Let us first calculate the number of perfect matchings. Given ${2n}$ vertices, we can pair the 1st vertex with ${2n-1}$ others with a single edge. Once the first edge is assigned, there are ${2n-2= 2(n-1)}$ vertices left that need to be paired. So

$\displaystyle K_{2n} = (2n-1) K_{2(n-1)} ~~. \ \ \ \ \ (6)$

We can iterate this recursion relation:

$\displaystyle \begin{array}{rcl} K_{2n}&=& (2n-1)(2(n-1)-1) (2(n-2)-1) \ldots (5)(3)K_{2} \\ &=& (2n-1)(2n-3)(2n-5)\ldots (1)\\ &=& (2n-1)!! ~~. \end{array}$

So this is why the double factorial appears in (1).

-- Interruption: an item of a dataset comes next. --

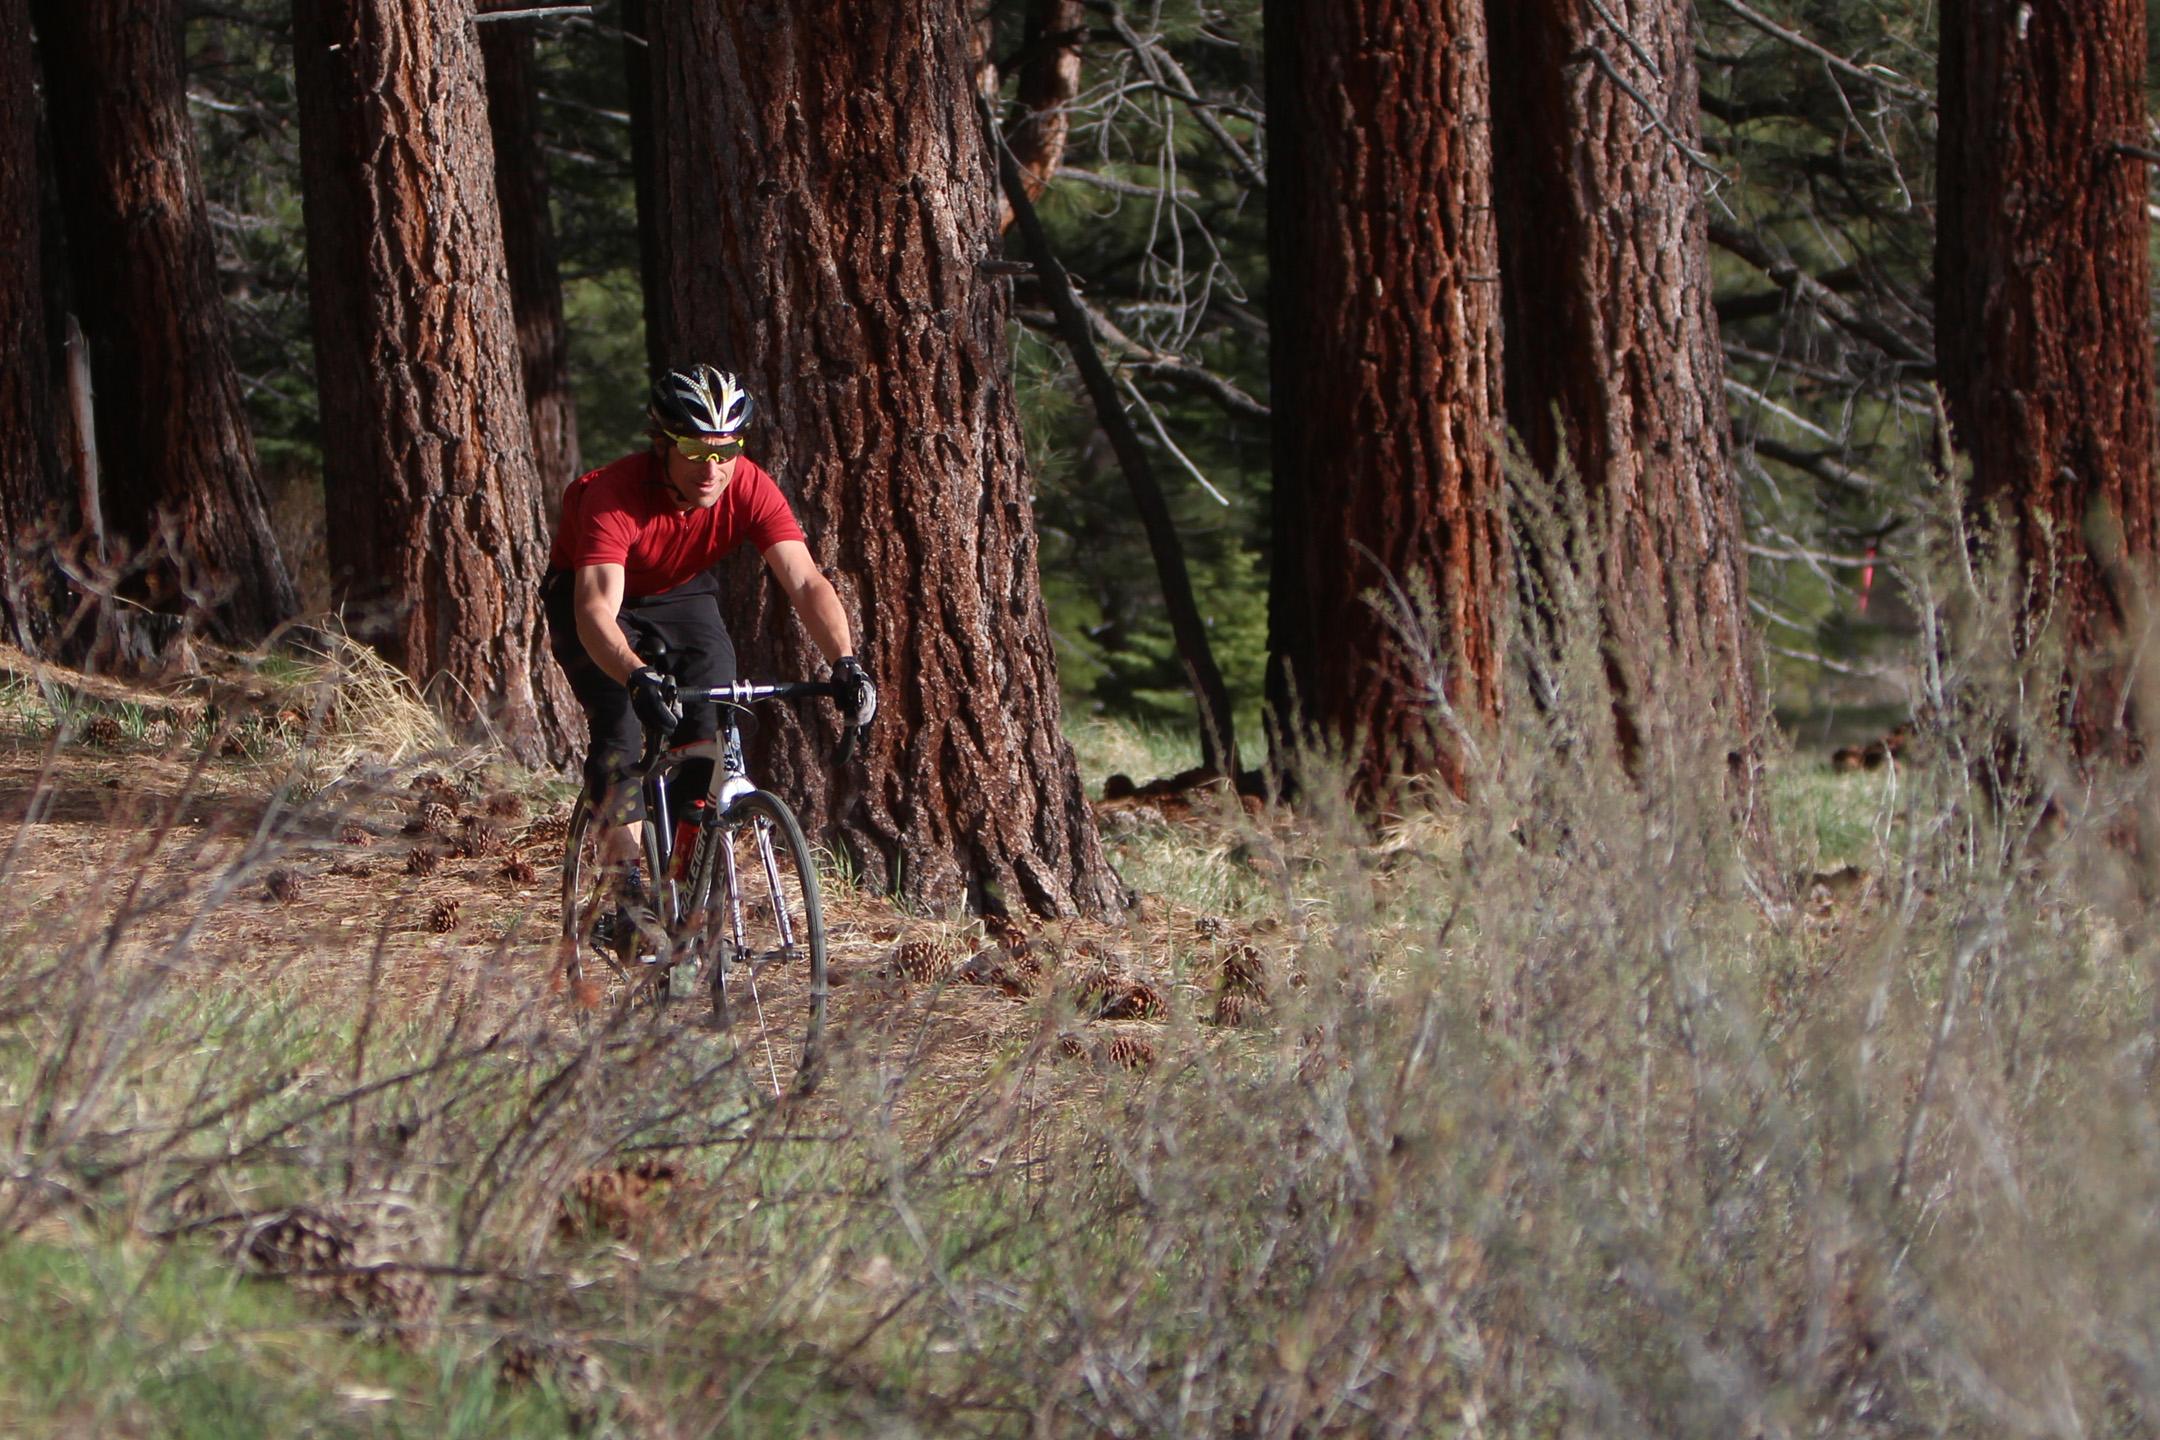 Paul on Hodala through pines

To arrive at (2), we proceed to express the double factorial in terms of the standard factorial. First, notice that ${2^m m!}$ can be written as

$\displaystyle 2^m m! = (2m)(2m-2)\ldots 2 = (2m)!!, \ \ \ \ \ (7)$

so that

$\displaystyle (2m)!! = 2^m m! \ \ \ \ \ (8)$

For the double factorial with odd arguments ${2m - 1}$ we proceed as follows. Note that the double factorial contains either only odd or only even factors, which can can combine to obtain the standard factorial thus:

$\displaystyle n!= n!! (n-1)!! ~~. \ \ \ \ \ (9)$

This expression relates the double factorial of odd and even arguments. Let ${n=2m}$. Then the above gives us

$\displaystyle (2m-1)!! = {(2m)! \over (2m)!!} = {(2m)! \over 2^m m!} \ \ \ \ \ (10)$

from which follows (2).